A tubular chamber wall is adjacent to the bottom plate. A bottom
removable seal provides a vacuum seal between the bottom plate and
the tubular chamber wall at a first end of the tubular wall. A top
plate is adjacent to the tubular chamber wall. A top removable seal
provides a vacuum seal between a second end of the tubular wall and
the top plate. A wafer chuck is disposed between the bottom plate
and the top plate.
[0005] These and other features of the present invention will be
described in more details below in the detailed description of the
invention and in conjunction with the following figures.
BRIEF DESCRIPTION OF THE DRAWINGS
[0006] The present invention is illustrated by way of example, and
not by way of limitation, in the figures of the accompanying
drawings and in which like reference numerals refer to similar
elements and in which:
[0007] FIG. 1 is perspective view of an embodiment of the
invention.
[0008] FIG. 2 is a cross-sectional view of the embodiment shown in
FIG. 1.
[0009] FIG. 3 is a disassembled view of the embodiment shown in
FIG. 2.
[0010] FIG. 4 is a schematic view of a plasma processing system
that uses an embodiment of the invention.

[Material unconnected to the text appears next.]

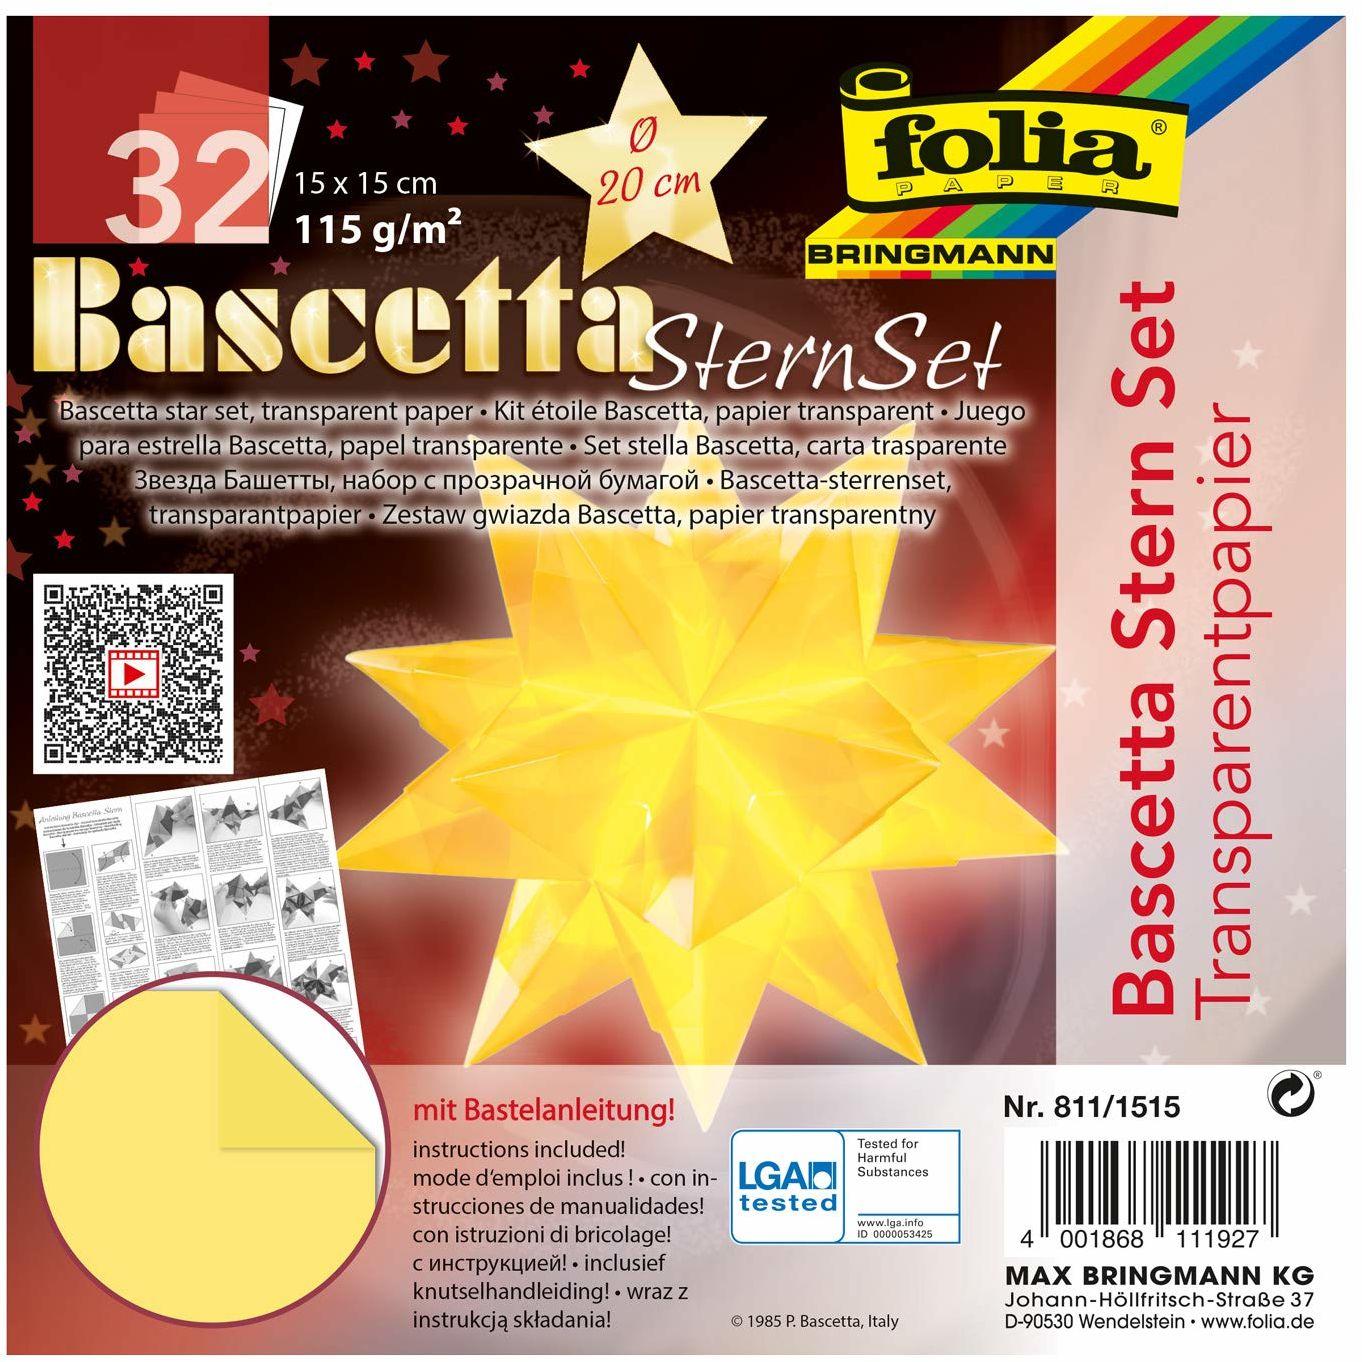 folia 811/1515 Bascetta zestaw, przezroczysty papier, 15 x 15 cm, 115 g/m , 32 arkusze, średnica gwiazdy ok. 20 cm, łącznie z instrukcją majsterkowania, jasnożółty

[0011] FIG. 5 is an enlarged view of section 5 of the embodiment
shown in FIG. 2.
[0012] FIG. 6 is an enlarged view of section 6 of the embodiment
shown in FIG. 2.
DETAILED DESCRIPTION OF THE PREFERRED EMBODIMENTS
[0013] The present invention will now be described in detail with
reference to a few preferred embodiments thereof as illustrated in
the accompanying drawings. In the following description, numerous
specific details are set forth in order to provide a thorough
understanding of the present invention. It will be apparent,
however, to one skilled in the art, that the present invention may
be practiced without some or all of these specific details. In
other instances, well known process steps and/or structures have
not been described in detail in order to not unnecessarily obscure
the present invention.
[0014] FIG. 1 is a schematic view of a chamber system 100 provided
by an embodiment of the invention. The chamber system 100 comprises
a bottom plate 104, a tubular chamber wall 108, and a top plate
112. In this embodiment, the tubular chamber wall 108 comprises an
aluminum material. FIG. 2 is a schematic cross-sectional view of
the chamber system 100. The bottom plate 104, tubular chamber wall
108, and top plate 112 define a chamber enclosure 124. Bottom rails
128 provide alignment of the tubular chamber wall 108 with respect
to the bottom plate 104 in x, y, and z directions. Other types of
lower alignment guides may be provided instead of the bottom rails
128 to align the tubular chamber wall 108 with respect to the
bottom plate 104. An upper alignment guide 132 aligns the top of
the tubular chamber wall 108. A frame 136 provides support for the
bottom rails 128, the upper alignment guide 132, the bottom plate
104, and the top plate 112. The frame 136 is supported by or forms
part of a cart 170 with wheels 174. The wheels 174 allow the frame
136 to be easily moved for servicing. However, during processing it
may be desirable to keep the chamber system 100 stationary. To keep
the chamber system 100 stationary, this embodiment uses jacks 178
to lift the cart 170 off of the wheels 174. The jacks 178 are able
to lift the cart 170 up and down.
[0015] Within the chamber enclosure 124 is a wafer chuck 140 on a
pedestal 144. Preferably, the wafer chuck 140 is an electrostatic
chuck (ESC). A segmented bowl cover 148 is placed to surround the
wafer chuck 140 and pedestal 144. A segmented bottom cover 152 is
placed to cover the bottom plate 104 within the chamber enclosure
124.
[0016] FIG. 5 is an enlarged view of section 5 in FIG. 2. FIG. 5
shows part of the top plate 112 and tubular chamber wall 108 with
two upper removable seals 504, which comprise a groove 508 and an
O-ring 512 within the groove 508. An alignment pin 516 extends from
the top of the tubular wall 108 into an alignment aperture 520
around the alignment pin 516. Preferably, at least two alignment
pins 516 extend from the top of the tubular wall 108. In other
embodiments, alignment pins 516 may extend from the top plate 112
to fit into alignment apertures 520 in the tubular chamber wall
108. FIG. 6 is an enlarged view of section 6 in FIG. 2. FIG. 6
shows part of the bottom plate 104 and tubular chamber wall 108
with two lower removable seals 604, which comprise a groove 608 and
an O-ring 612 within the groove 608. An alignment pin 616 extends
from the bottom of the tubular wall 108 into an alignment aperture
620 around the alignment pin 616. Preferably, at least two
alignment pins 616 extend from the bottom of the tubular wall 108.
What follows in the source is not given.